Rice, Virginia is an unincorporated community of a couple hundred people in the center of the state, fifty-eight miles southwest of Richmond. It's a pretty area to drive through, with large open fields separated by equally extensive woods. No evidence of rice paddies, though. The restaurants are all five miles away in Farmville (the big town in the area, which tells us something). I like the sound of the Riverside Cafe.

Food And Drink Namesakes

Today is the anniversary of the Battle of Brandywine in 1777, during the Revolutionary War. Brandywine is in Pennsylvania. There was neither brandy nor wine produced there.
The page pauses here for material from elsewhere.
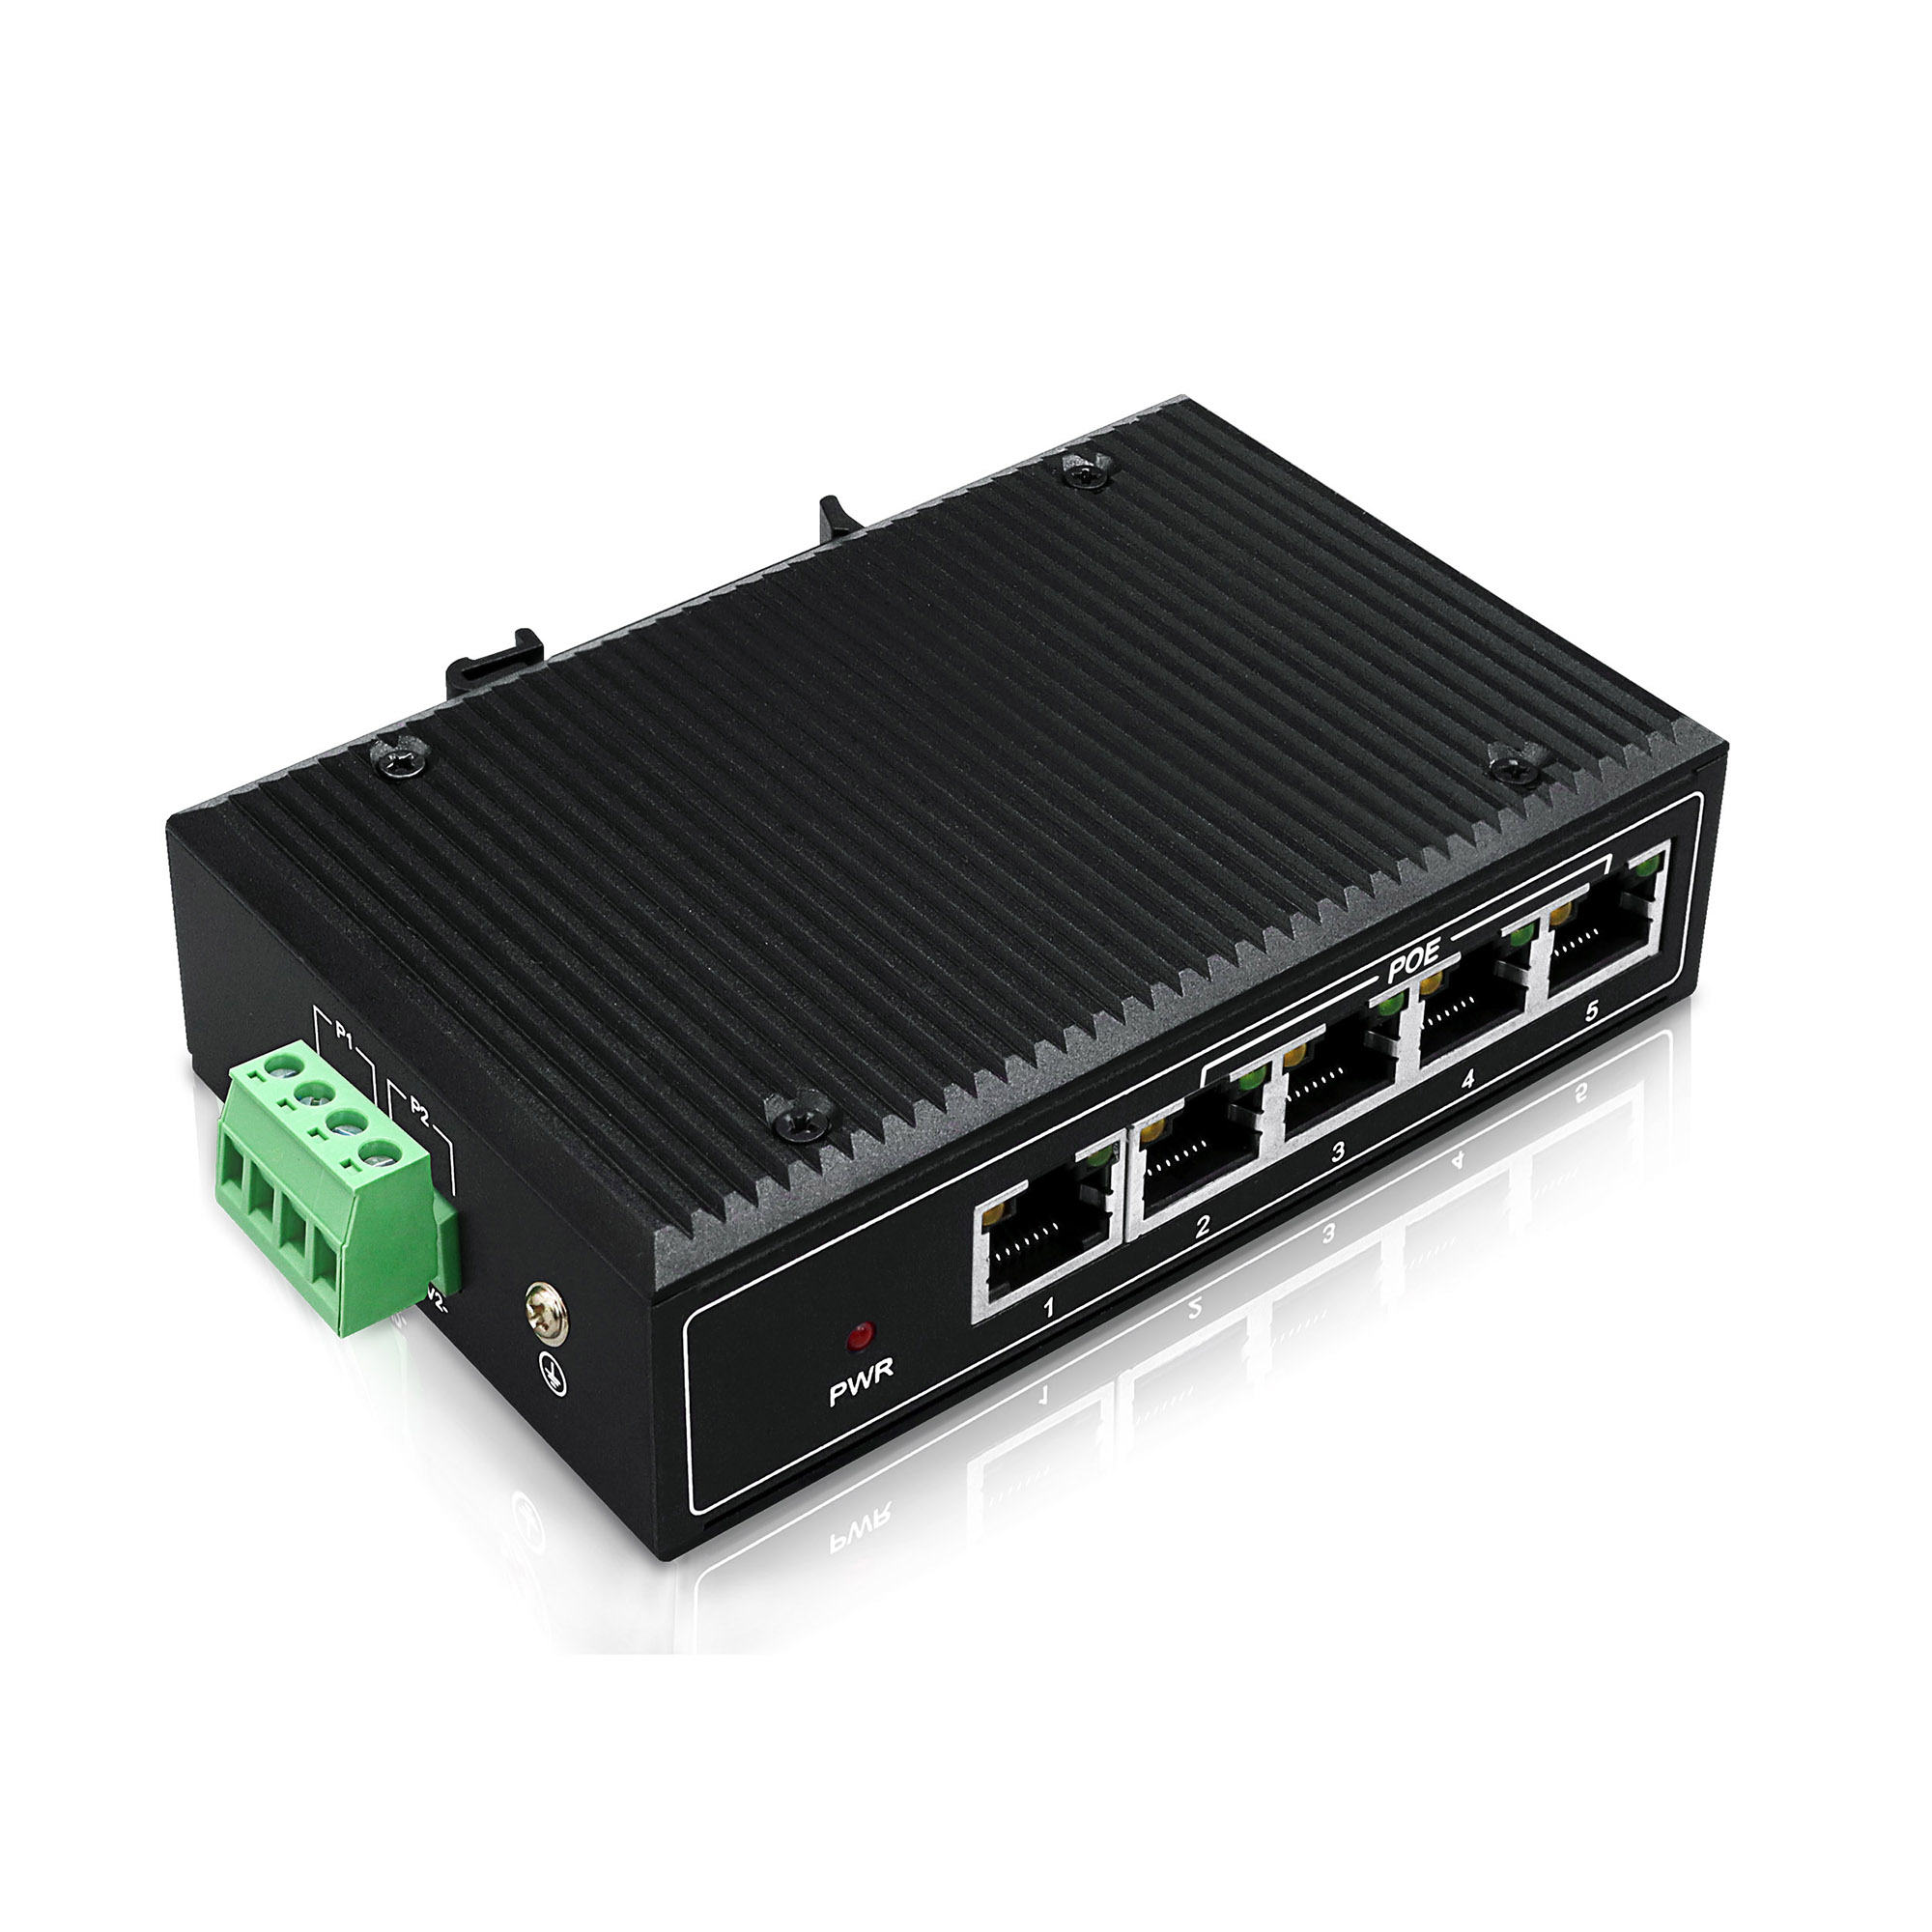 YN-SF105P4 Industrial Ethernet PoE Switch

It was the biggest battle of the Revolution, but the British won. . . College track star Marty Liquori was born today in 1949. . . James Cutler, who really should have made or sold kitchen knives, was born today 1883. He became famous for the Cutler Mail Chute, still seen in old hotels, although not used in many of them anymore. . . David Roe, British professional snooker (billiards) player, shot his break today in 1965. . . Chiliboy Ralapelle, South African rugby player, hit the ground running today in 1986.

Words To Eat By

"A mother is a person who, seeing there are only four pieces of pie for five people, promptly announces she never did care for pie.”--Tenneva Jordan, American author who wrote mostly about motherhood.

Words To Drink By

"A mathematician is a device for turning coffee into theorems."--Paul Erdos, mathematician.